Dinah pointedly swallows down a biting retort before it can escape her, because Harley doesn’t sound defensive—just genuinely curious. It wouldn’t be fair to bite her head off for asking a simple question just ‘cause it’s what Dinah’s used to. “Call it 'friendly concern.’"

Harley squints at her, red-painted lips pushed out to form an adorable pout. “Huh… ‘Kay,” she says eventually, though she sounds far from convinced. 

Dinah heaves a quiet sigh. 

(Note to self: the business of caring fucking _sucks_.)

— — 

As she unwittingly learns more about the Joker (or 'Mistah J' as Harley most always calls him) through offhanded commentary and the occasional anecdote, she finds that Harley herself starts to make a hell of a lot more sense to her, too. 

Harley is many things—loud, impulsive, childlike… but above all else, _strong_. So fucking strong. 

Another thing Dinah discovers—she fucking _hates_ the Joker. 

(And maybe she’s starting to like Harley ~~a little~~ a _lot_ more than she originally planned.)

— — 

Something Dinah learns over the next couple months: The business of caring may be irritating and soul-sucking and _tedious_ , but it’s not always such a drag. 

For example—offering to go Dutch with Harley (and, by extension, Cass) on a spacious fixer-upper loft in one of the up-and-coming neighborhoods downtown. That was a fucking _leap_ , even for her. 

It’s also probably the most uniquely challenging thing she’s ever been faced with in her 24 years of life, because accommodating for the diet of a) someone who eats like a 12-year-old, b) an actual 12-year-old, and c) a full-grown man-eating hyena is… challenging, to say the very least. 

There’s also Cass’s slippery-fingered habit to account for, along with Harley’s utterly singular penchant for blatantly illegal activities—which means a couple things (so far): 

Firstly—people Dinah doesn’t even know beefing with her over some shit Harley (or Cass) pulled to piss them off. 

(Harley and her long list of grievances past really is no fuckin’ joke.)

And secondly—contraband. Contraband _everywhere_ : keys of cocaine (which Harley _swears_ she’ll fence soon) behind the couch cushions, thick banded stacks of stolen cash beneath the sink, various pieces of high-end golden jewelry (some of them carved with names that _definitely_ don’t belong to any of them) scattered all across the living room.

It exasperates Dinah most days, and damn near drives her crazy on all the rest. 

But there’s good in it, too. There’s movie marathons on Friday nights and back-and-forth banter with Cass (the mouth on that kid is truly something else) and an abundance of quality time spent with Harley, who’s quickly becoming one of the only people Dinah can tolerate for more than a day or two. 

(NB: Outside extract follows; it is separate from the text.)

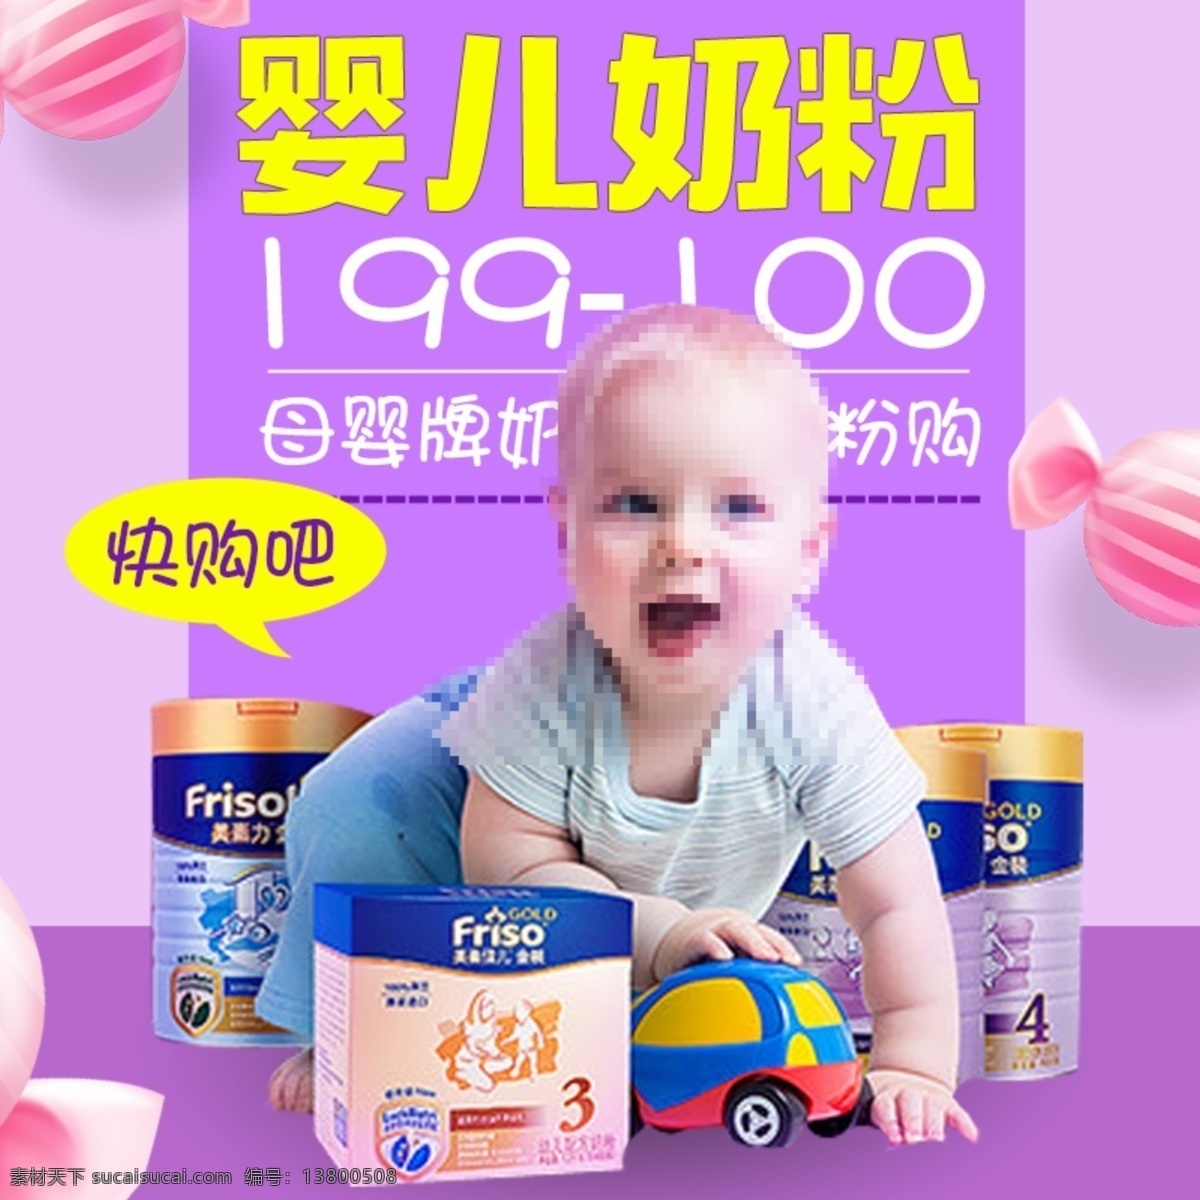 婴儿 奶粉 主 图 直通车 婴儿奶粉主图 紫色 促销 双十一 双十二 童装主图

All that (and a bunch of other unconventional quirks that Dinah surprisingly doesn’t much mind) more than makes up for the rest of it.

And, besides… She refuses to be that asshole that talks a big game about being there for Harley, being someone she can count on—only to pick up and bolt the second she shows a side of herself that Dinah doesn’t necessarily fuck with. 

She fucks with Harley, and that means she fucks with _all_ of it—the good, the bad, the crazy. 

She fucks with Harley, period. End of discussion. 

(And, yeah. Whatever. She guesses Cass can stick around, too.)

— — 

Turns out, Harley’s a gymnast—or, at least, she used to be. 

Dinah kinda suspected something like that from the very start, the way Harley seemed to run literal circles around Gotham’s most elite assholes, and do so with _style_... Hell, the woman would be landing perfect aerials from one ceiling beam to the next, vaulting herself over tall-ass fences in a matter of seconds like nobody’s business… literally bending over backwards in the middle of a fist-fight to dodge a swing.

Dinah had half a mind to call a chiropractor the last time that happened. 

Still, it’s a different thing to receive confirmation straight from the source, and another entirely to _see_ it… well, in a context that isn’t fighting, she means. 

Dinah comes back to the loft one night—stumbles through the door at something like 3:00am after busting up a drug ring with Helena and Renee over in West Side. 

She doesn’t necessarily expect anyone to be awake, but she also isn’t surprised to find that someone is: a scantily-dressed Harley doing some sort of _insane_ gymnastics stretch in the living room. She’s upside-down and supporting herself on two hands, legs stretched out to either side to form a perfect middle split in the air, _The SpongeBob SquarePants Movie_ playing quietly on the television—which Harley is somehow managing to watch with rapt attention all the while.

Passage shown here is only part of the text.